The traditional safety tandem of Ha Ha Clinton-Dix and Morgan Burnett has solid chemistry, combining for nearly 2,000 snaps in 2016 (Clinton-Dix was on the field for 99.9 percent of the defensive plays, after 99.7 in 2015). It is their experience on the back-end that allows for some experimentation, and it is in the young talents of rookie Josh Jones and second-year man Kentrell Brice that there is the depth of talent to innovate.

Let’s go to Capers on the tactics: "We like the flexibility it gives us especially week to week when you’re playing different styles of offenses. A lot of these offenses, they’re just looking for matchups now.

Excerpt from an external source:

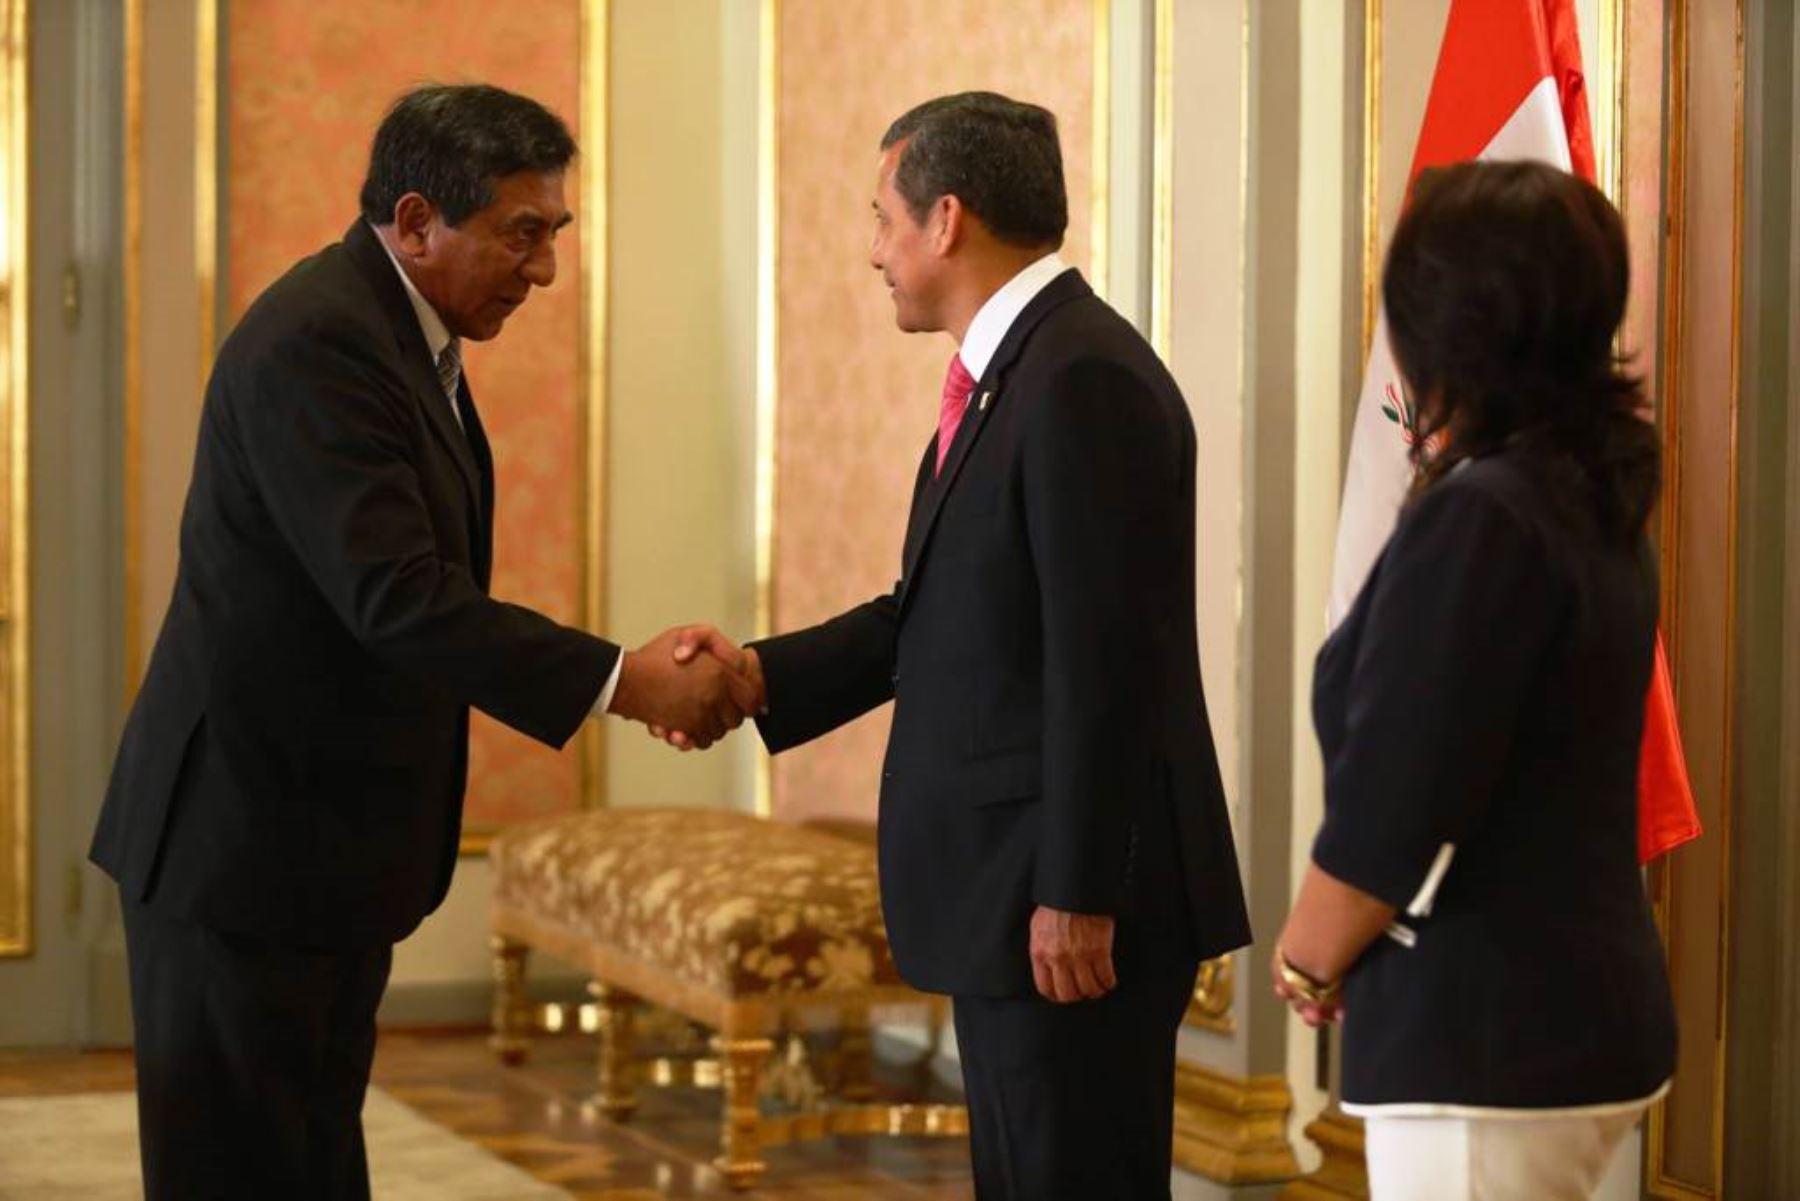 Reunión en Palacio de Gobierno entre el jefe del Estado Ollanta Humala y el presidente del Gobierno Regional de Madre de Dios, Luis Otsuka Salazar. Foto: ANDINA/Difusión.
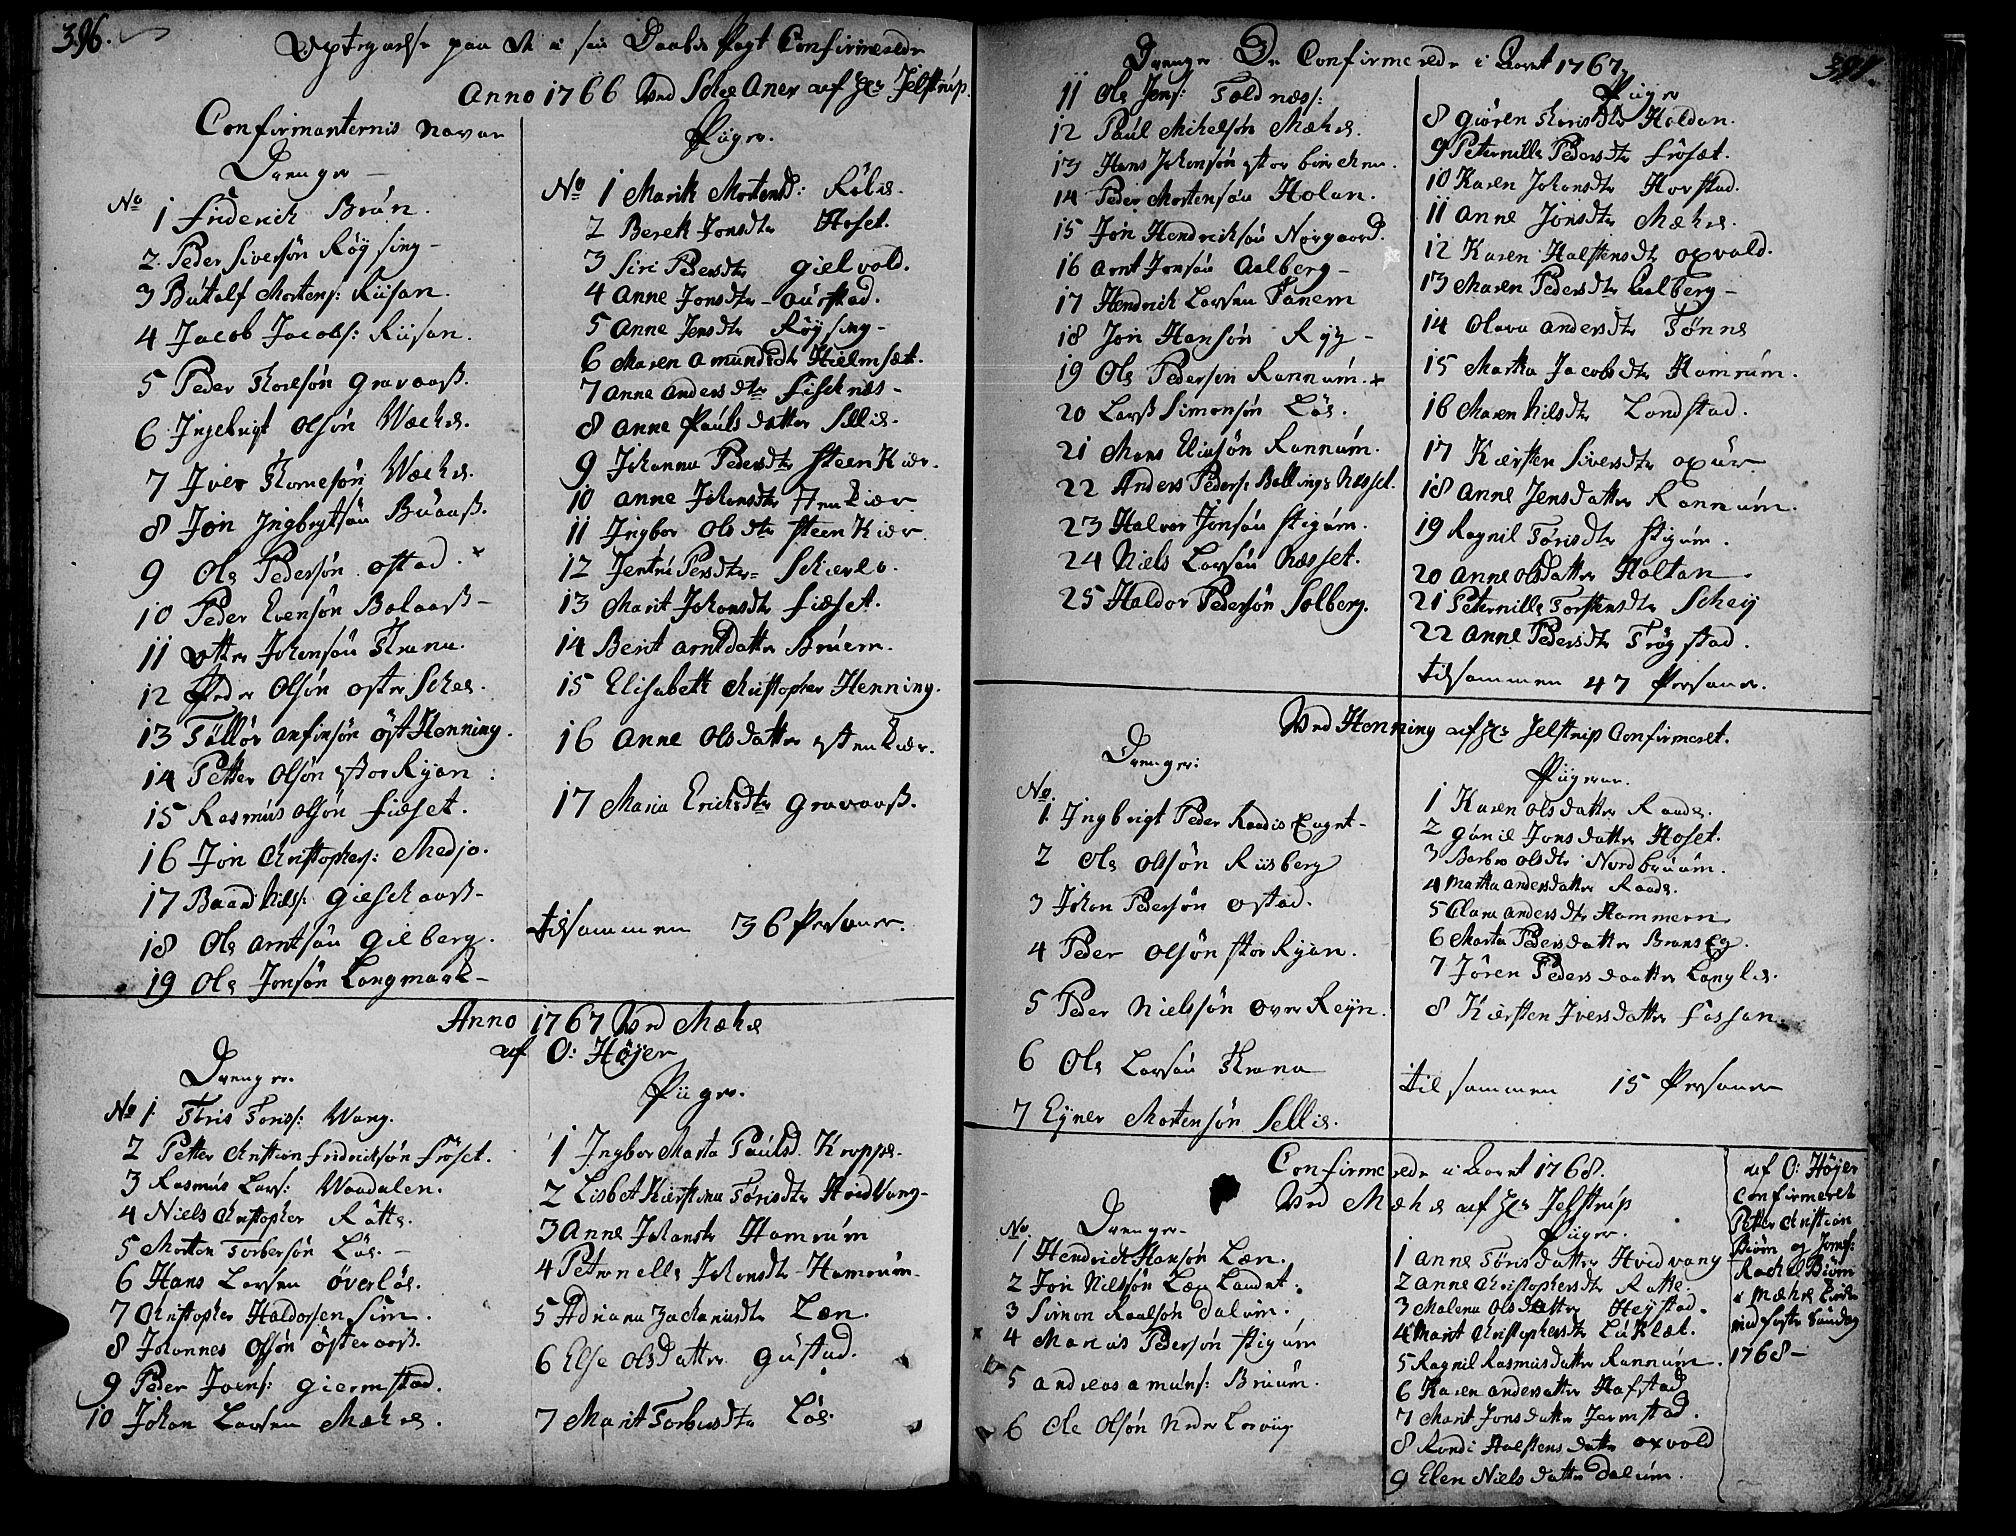 SAT, Ministerialprotokoller, klokkerbøker og fødselsregistre - Nord-Trøndelag, 735/L0331: Parish register (official) no. 735A02, 1762-1794, p. 396-397

You’ve got to be able to match up with the same caliber of athlete.”

And McCarthy on the talent:“I think our safety group is as fine a group that I've seen in my 20-plus years in this league.”

The news isn’t all good for the defense – CB remains a problem, with rookie Kevin King not having a good camp (listed as third-team on this week’s depth chart). But there is some upside for the unit, though it is a bit different. It isn’t so much about this defense necessarily making plays, but rather preventing plays being made against them. As such there could be significant improvement without the numbers jumping out of the box scores, unless the savvy handicapper is ready to be looking for them.

The Packers allowed 7.1 net yards per pass attempt in 2016, which builds sacks into the equation; only the Saints and Raiders were worse. If a half yard gets shaved off of that no major rockets are going to go off across the Sports Mediaverse, yet it damn well may mean something.


About Last Night -- Baseball was awfully kind to Lance Lynn again

A major focus point in yesterday’s edition was on the Cardinals' Lynn not pitching the way his bottom line of 10-6/3.21 through this season indicated, and the 8-6 St. Louis win over Kansas City brought a box score that might lead to yawns in terms of grading the Cardinal starter. He actually lowered his ERA to 3.12 and did not get a decision, but in truth was once again not very good at all. Baseball continues to be kind.

Consider the first two innings, when seven of the 11 batters who went to the plate for the Royals reached base, yet only one run scored. Lynn had more walks than strikeouts, allowing a single-game OBP of .407, and to put that latter number into perspective, of the 156 hitters with enough plate appearances to qualify for the MLB rankings, only six are above that.

Lynn walked away with a single-game ERA of 3.00, but FIP called it 4.63 and xFIP 6.71. Those numbers better indications of the quality of his pitches. He will remain on the play-against watch list over the next cycle. Now for some play-on guys …


In the Sights -- The Cole Hamels full-season statistics are stale

I don’t need to write much about Houston's Charlie Morton, who was a feature topic here a couple of weeks ago, noting how his pitching makeup has changed so drastically this season. Since the All-Star break it has been 36 strikeouts vs. 21 hits allowed, and he dealt at a rather nifty 13.1 PPI in his last outing vs. Toronto.

Morton opposes Texas' Hamels on Friday night in Arlington, and I also like the form of Hamels right now -- yet the early markets have driven the Astros/Rangers Total from 9.5 to 10, with as high as Over -120 off of the new plateau, and that has created a 5.5 for the opening five innings. That will lead me to #972 Texas/Houston First Half Under (8:05 Eastern).

I believe the Hamels full-season numbers are stale, which is why there isn’t a market buy-in right now, his 4.39 FIP and 4.64 xFIP both career worsts by a significant margin (he has never had a season over 4.00 in either category). But the veteran lefty was not at full health earlier in the campaign, though he certainly is now.

A big part of the Hamels arsenal is control, so let’s break it down. Through his first six starts it was an ugly ratio of as many walks (16) as  strikeouts, far out of character for him. But since July 1 it has been a 37-8 K to BB ratio, and three of his last six games have produced at PPI of 12.9 or less. That is vintage Hamels, and what also matters is that because he missed so much time earlier in the campaign he is only sitting on 85.1 innings right now, which means a much fresher arm than would usually be the case as mid-August approaches.